Repeated measurements on the same experimental unit should not be regarded as independent. Sometimes a split-plot design with experimental units as main plots can be used. In growth studies, a simple method of analysis is to do a separate analysis on a series of summary measures for each experimental unit (e.g. mean, linear, quadratic trend) .


Special methods may be required if the data are skew or otherwise non-normally distributed, if the residual variance is not constant, or effects (treatment differences) are not constant on the original scale of measurement. Note that it is the residuals obtained after fitting regression or ANOVA which should be normally distributed, not the raw data. One approach is based on transformation of the data. Some commonly used transformations are the square root, for data in the form of counts, and the arcsine transformation, for binomial data. If the variance seems to vary as the square of the mean, a logarithmic transformation may be useful. Standard errors are not constant for comparisons on the original scale, so estimates, standard errors, and test results are best given on the transformed scale. The equivalent effects on the original scale are most easily given in the form of confidence intervals, obtained by back transformation of the end-points. An alternative to analysis on a transformed scale is to fit a generalized linear model (Dobson, 2002). This allows the problems of variance heterogeneity and additivity of effects to be tackled separately. The two approaches usually produce similar results.

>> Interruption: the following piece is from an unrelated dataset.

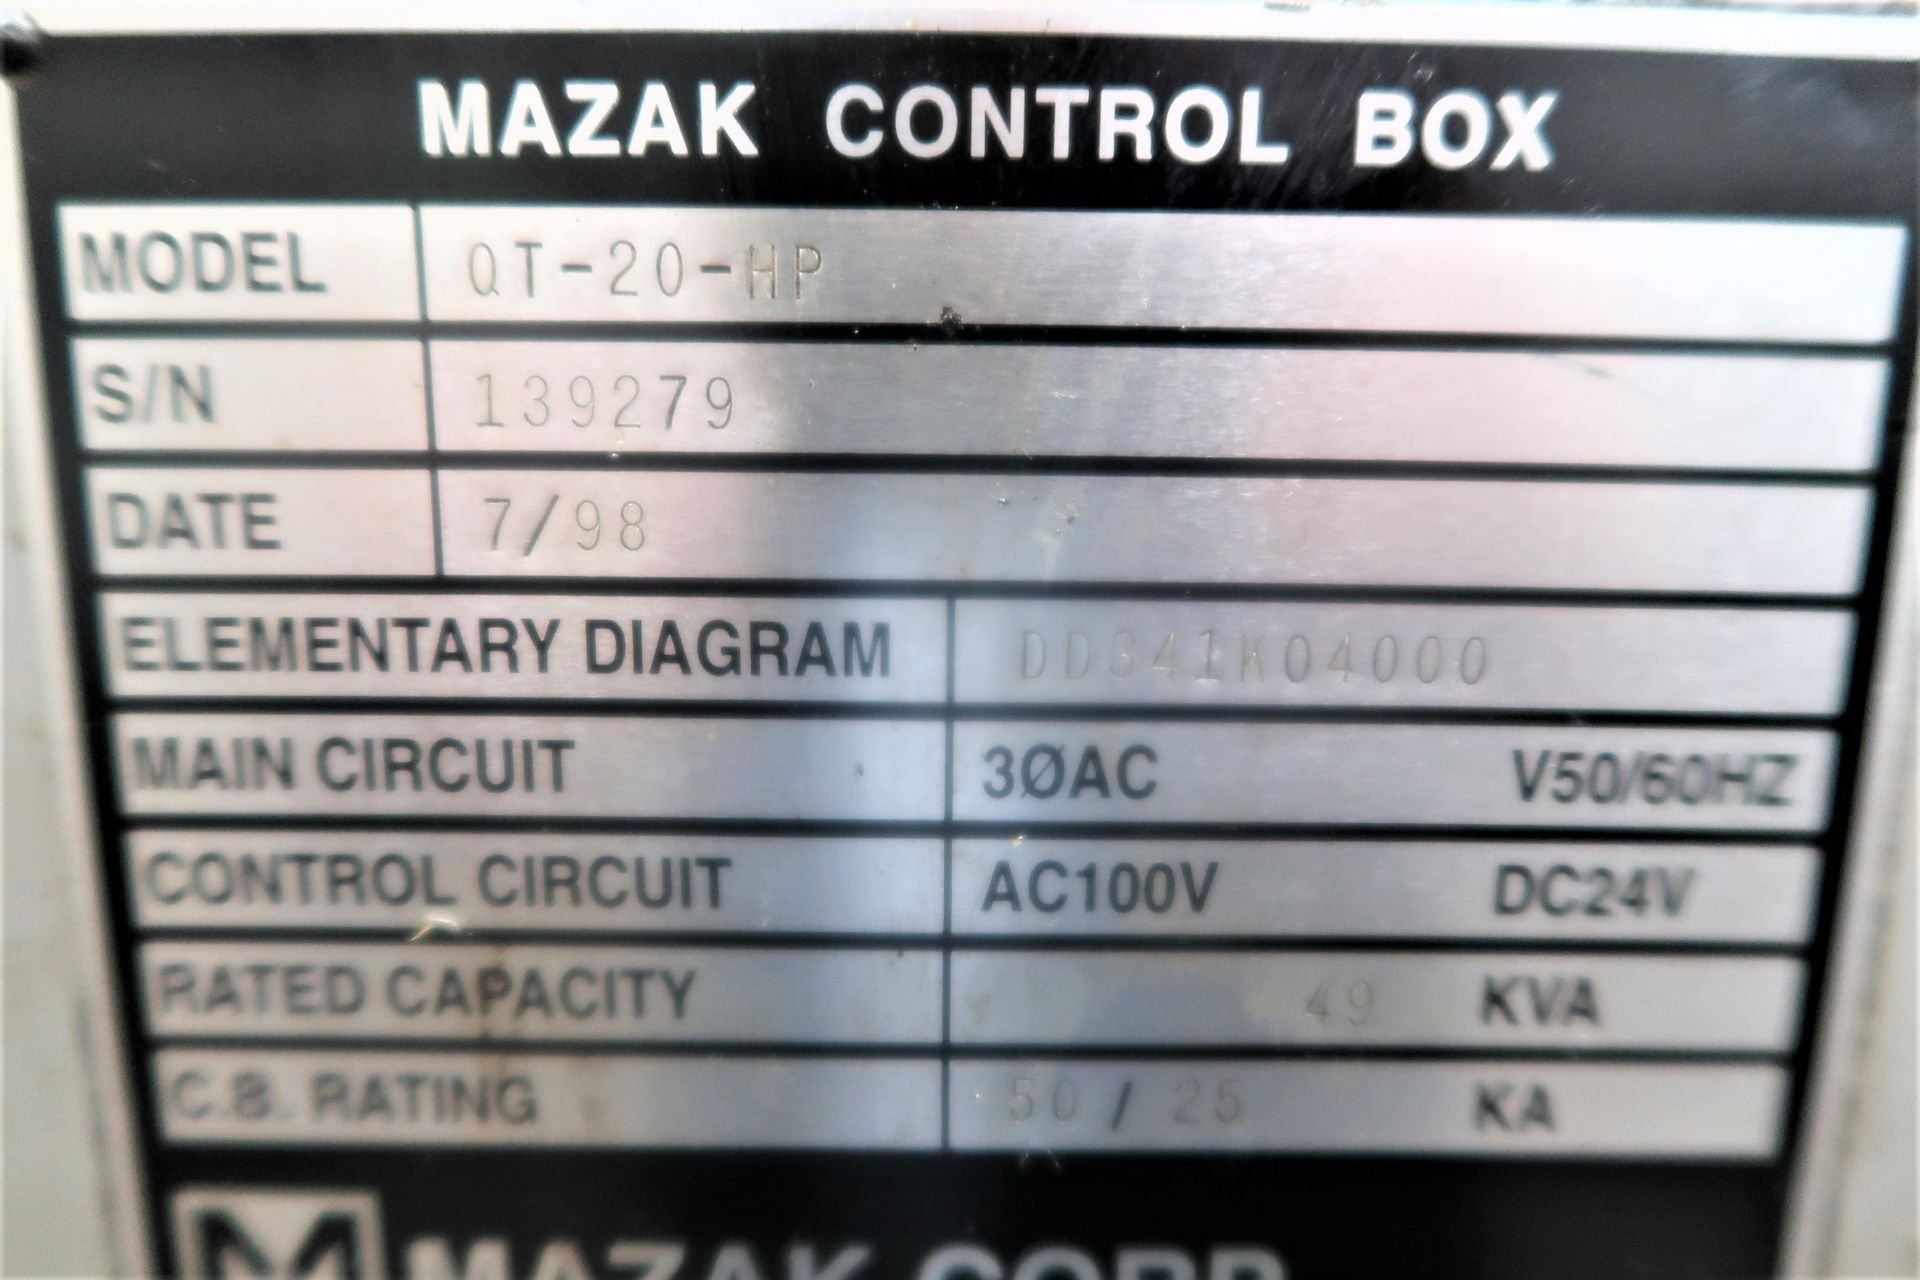 Lot 10A - MAZAK QT-20-HP CNC 2-AXIS TURNING CENTER LATHE

Do not confuse standard deviation and standard error. The standard deviation is a measure of variability in sample or population. The standard error is a measure of the precision of an estimate.

Multiple comparison procedures, such as Duncan's multiple range test, Scheffe's test, or Bonferroni adjustment of P-values, are relevant when a hypothesis is to be treated as one of a larger set, or when it has been selected in the light of the data. However, a well-designed experiment sets out to test a small number of clearly stated hypotheses. The treatments are usually structured , e.g., a combination of factors each with a small number of qualitative levels, or quantitative levels varying on a continuous scale. In this case comparisons are determined a priori and there is no need for multiple comparison tests.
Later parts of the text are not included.